Les synthèses produites à l’issue de l’évaluation sont pluridisciplinaires et élaborées en concertation ; elles peuvent, en dépit de leur longueur, constituer une réelle aide à la décision des magistrats. Il est d’ailleurs à noter que, contrairement à d’autre sites CNE, une étude est ici menée pour analyser la concordance entre les avis et les décisions. Par ailleurs, les détenus quittent le centre pénitentiaire rapidement, trois jours après la fin de la session d’évaluation.

En dépit de ces nombreux points positifs, la mission de contrôle conduit à formuler plusieurs réserves :

Tout d’abord, la lecture des courriers et l’écoute systématique des conversations téléphoniques des personnes détenues par des agents, qui plus est non-habilités, motivée par la nécessité d’évaluation, est une atteinte à leurs droits dépourvue de base légale, l’article 40 de la loi pénitentiaire ne prévoyant ce contrôle que « lorsque cette correspondance paraît compromettre gravement leur réinsertion ou le maintien du bon ordre et la sécurité ».

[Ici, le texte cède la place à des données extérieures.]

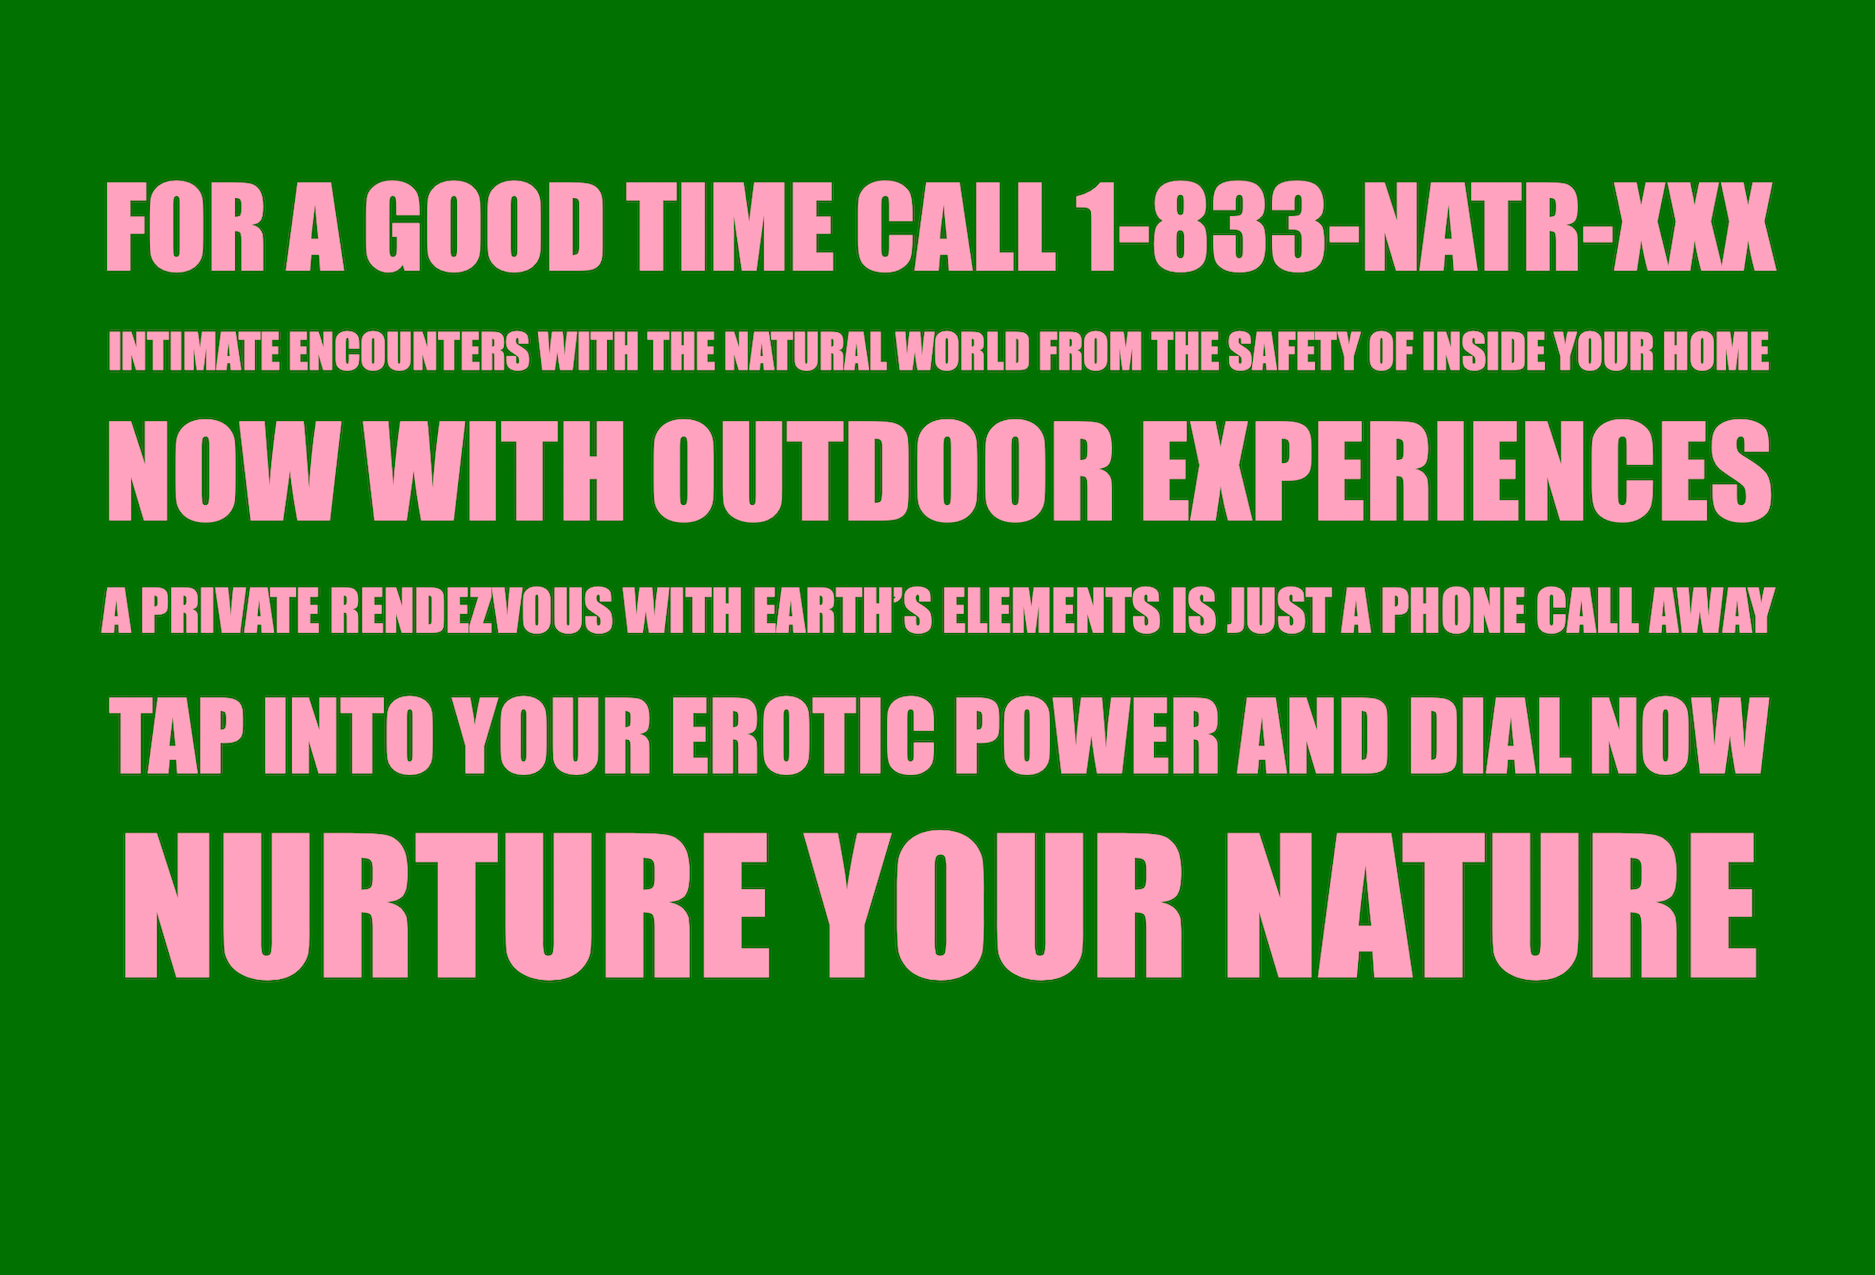 Pink text on a green background, stating: FOR A GOOD TIME CALL 1-833-NATR-XXX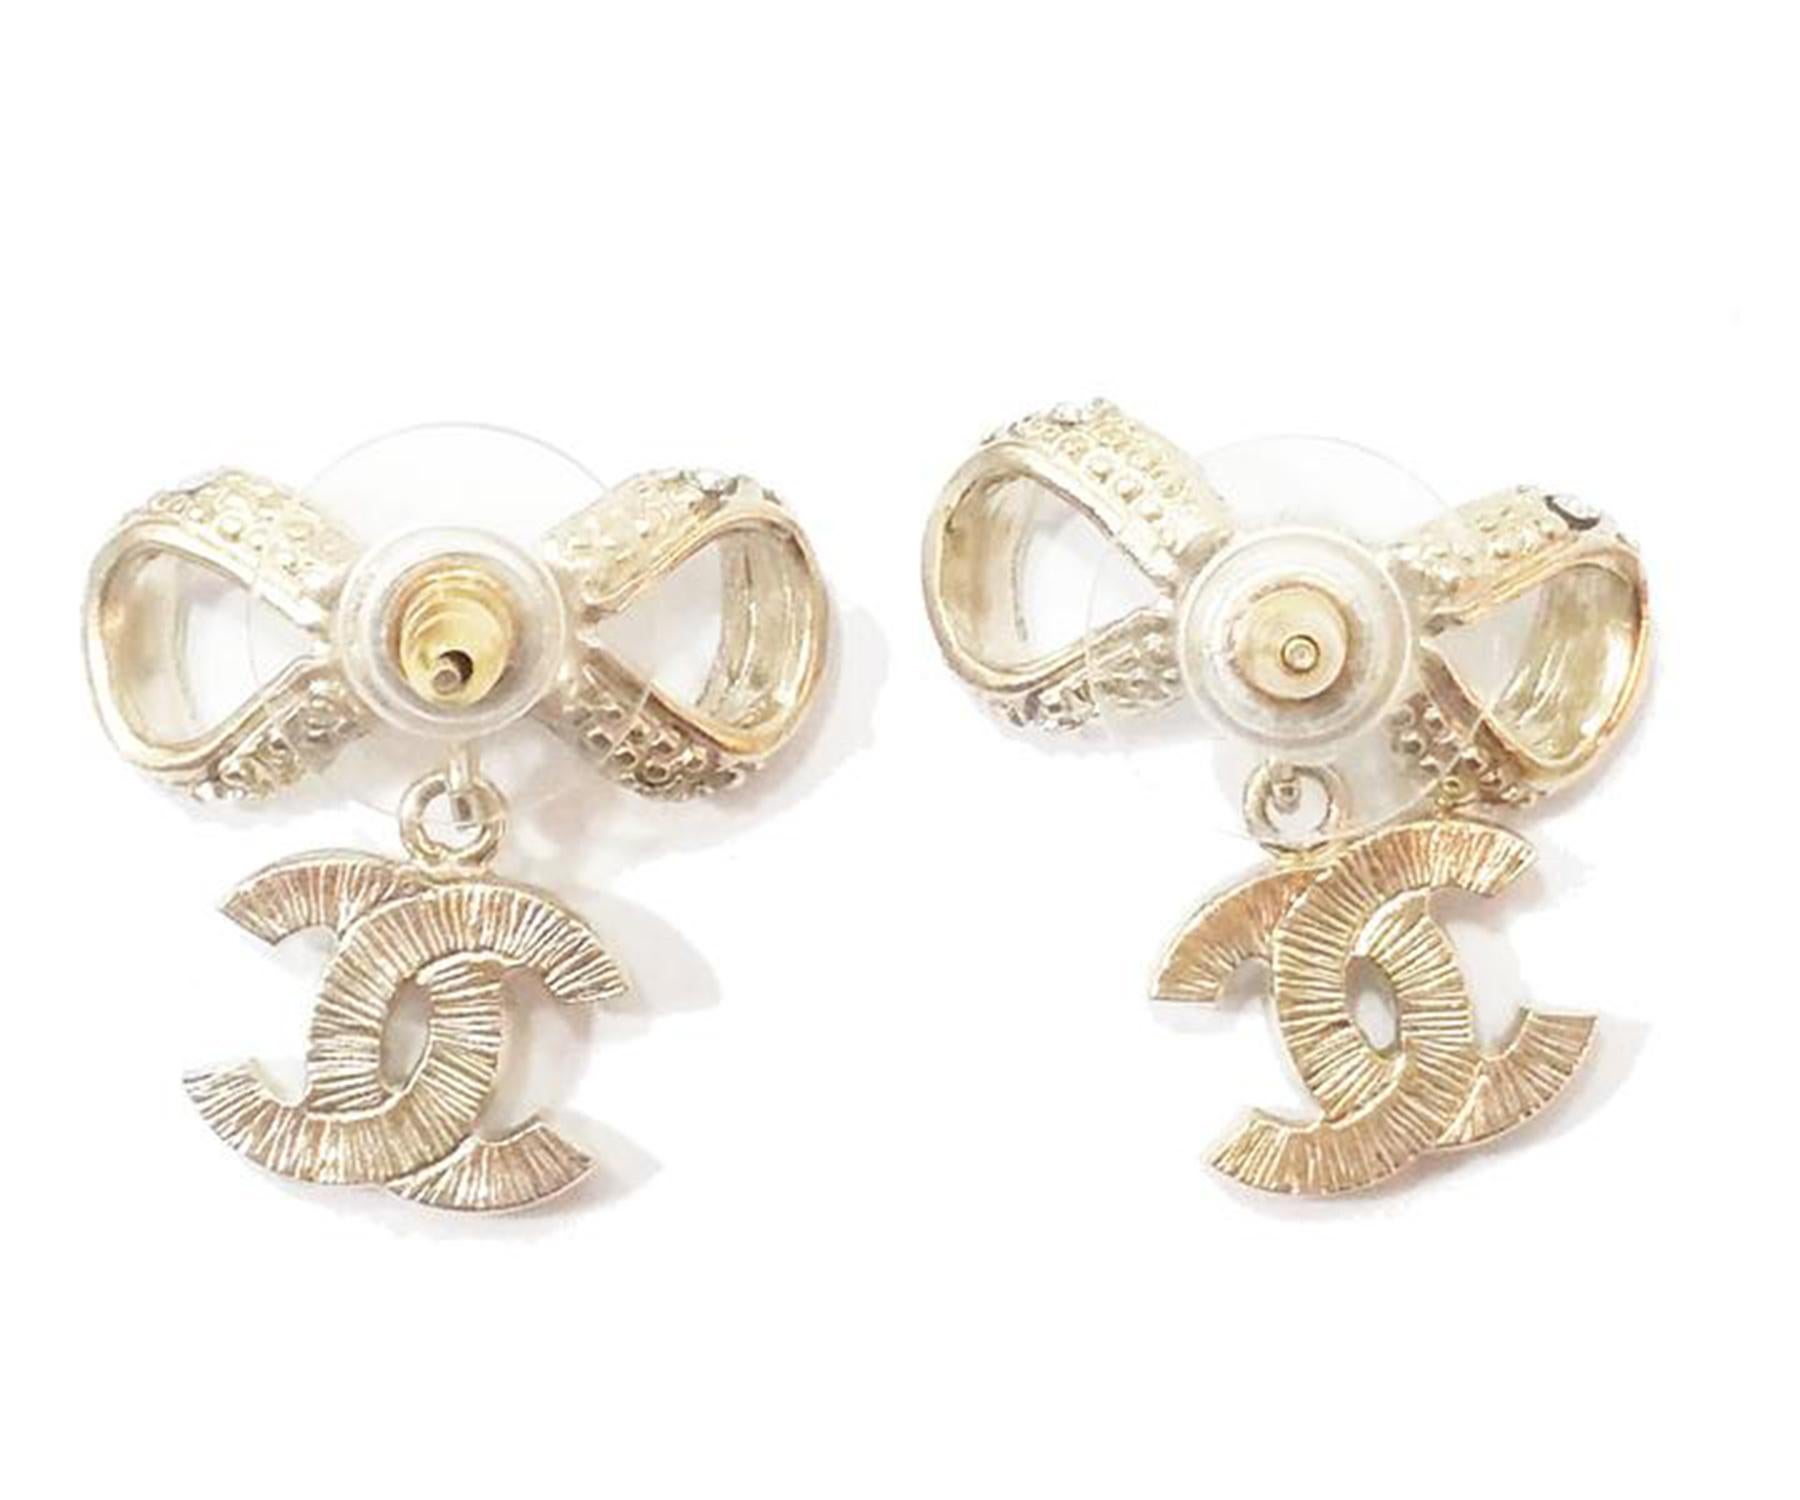 Chanel Classic Light Gold Ribbon Bow CC Crystal Piercing Earrings In Excellent Condition For Sale In Pasadena, CA

En deuxième lieu, la mise en œuvre des mesures liées à l’état d’urgence sanitaire a des incidences très négatives sur les conditions de vie des personnes détenues (parloirs, activités) qui peuvent nuire à la qualité de l’évaluation et le séjour affecte. Par ailleurs, le séjour emporte des effets sur les ressources et les dépenses des personnes détenues.

En troisième lieu, si l’arrivée au CNE est anticipée, l’information communiquée en amont aux personnes évaluées est peu précise.

En quatrième lieu, le cadre même de l’évaluation mériterait qu’une réflexion soit engagée à la fois sur les outils utilisés, sur l’absence d’analyse des pratiques et sur la question de la notification des synthèses aux personnes concernées.

Enfin, la structure même du CNE souffre d’un manque de pilotage central de la part de la direction de l’administration pénitentiaire (difficultés en termes de recrutement, de remplacement et de stabilisation des effectifs, absence de formation spécifique, initiale et continue, proposée aux agents exerçant au CNE, absence de réunions régulières des sites à un niveau central, absence d’analyse des pratiques, insuffisance de pilotage de l’activité des sites).

Les contrôleurs regrettent de ne pas avoir reçu d’observations au rapport provisoire de la part de la directrice du CNE et de la directrice du CP, ce qui ne leur permet pas de savoir si des suites ont été données à celles-ci.